The documentary reveals the missing link between pedophiles and non-pedophiles.”
(Source: http://www.prweb.com/releases/2011/12/prweb9032770.htm).

and
“We live in a society that condemns pedophiles, though biological instinct and world cultures throughout history suggest that an attraction to adolescents is as natural as it is unavoidable. The fashion industry on the one hand sexualises ever younger girls while those who act on these instincts are reviled. The apparent hypocrisy at the heart of society forces the question: What do we mean then when we talk about Pedophilia?

This films broad canvas takes in how our evolution and biological make-up have through-out history created cultures where what would today be called Pedophilia has passed without note, and with the complicity of all religions. It also looks at how media definitions differ to scientific ones, whether Pedophilia could be considered a sexuality, how the definition differs between modern societies as well as presenting the testimony of both victims and perpetrators.

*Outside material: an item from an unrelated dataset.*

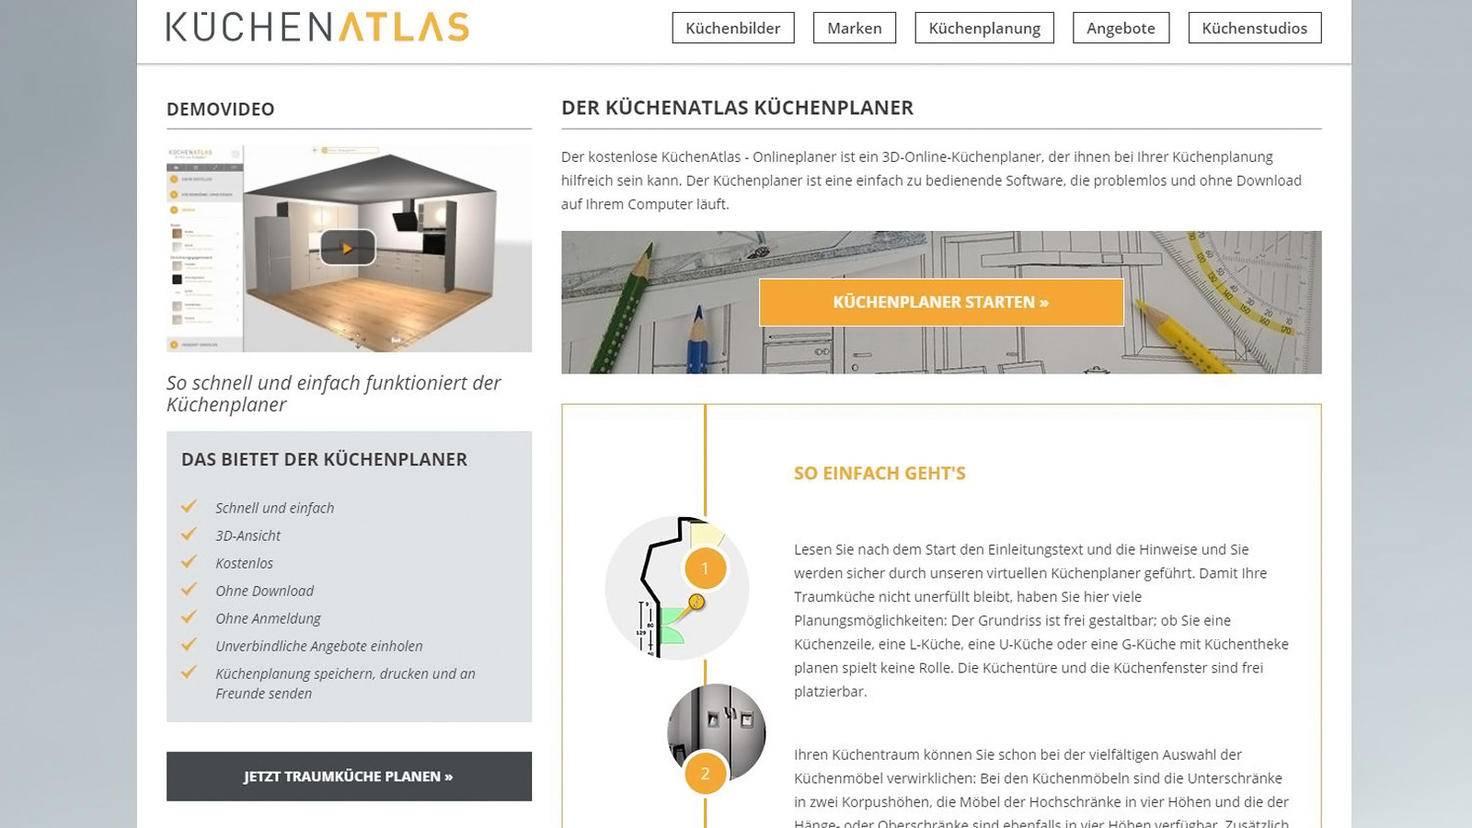 Küchen-Atlas Küchenplaner-Küchen-Atlas

In conclusion, we are faced with both the contradiction of a society which fetishizes youth and the question: Are All Men Pedophiles?”
(Source: http://www.sidewaysfilm.com/?p=1549).

InfiltratorN7 said...

I forgot to add. If it does turn out to have a slant towards blaming girls for being provactive and dressing in a sexualised way I can imagine sites like The F Word and Feministing will be all over this documentary. In feminism there is a lot of work, campaigning and focus on the problem of victim blaming, particularly in cases of rape so if this documentary does end up blaming victims (girls and boys alike) for being targeted by paedophiles I can imagine this would start up a shit storm in the feminist communities.

Jo said...

Just signed it. Thank for for bringing attention to the petition.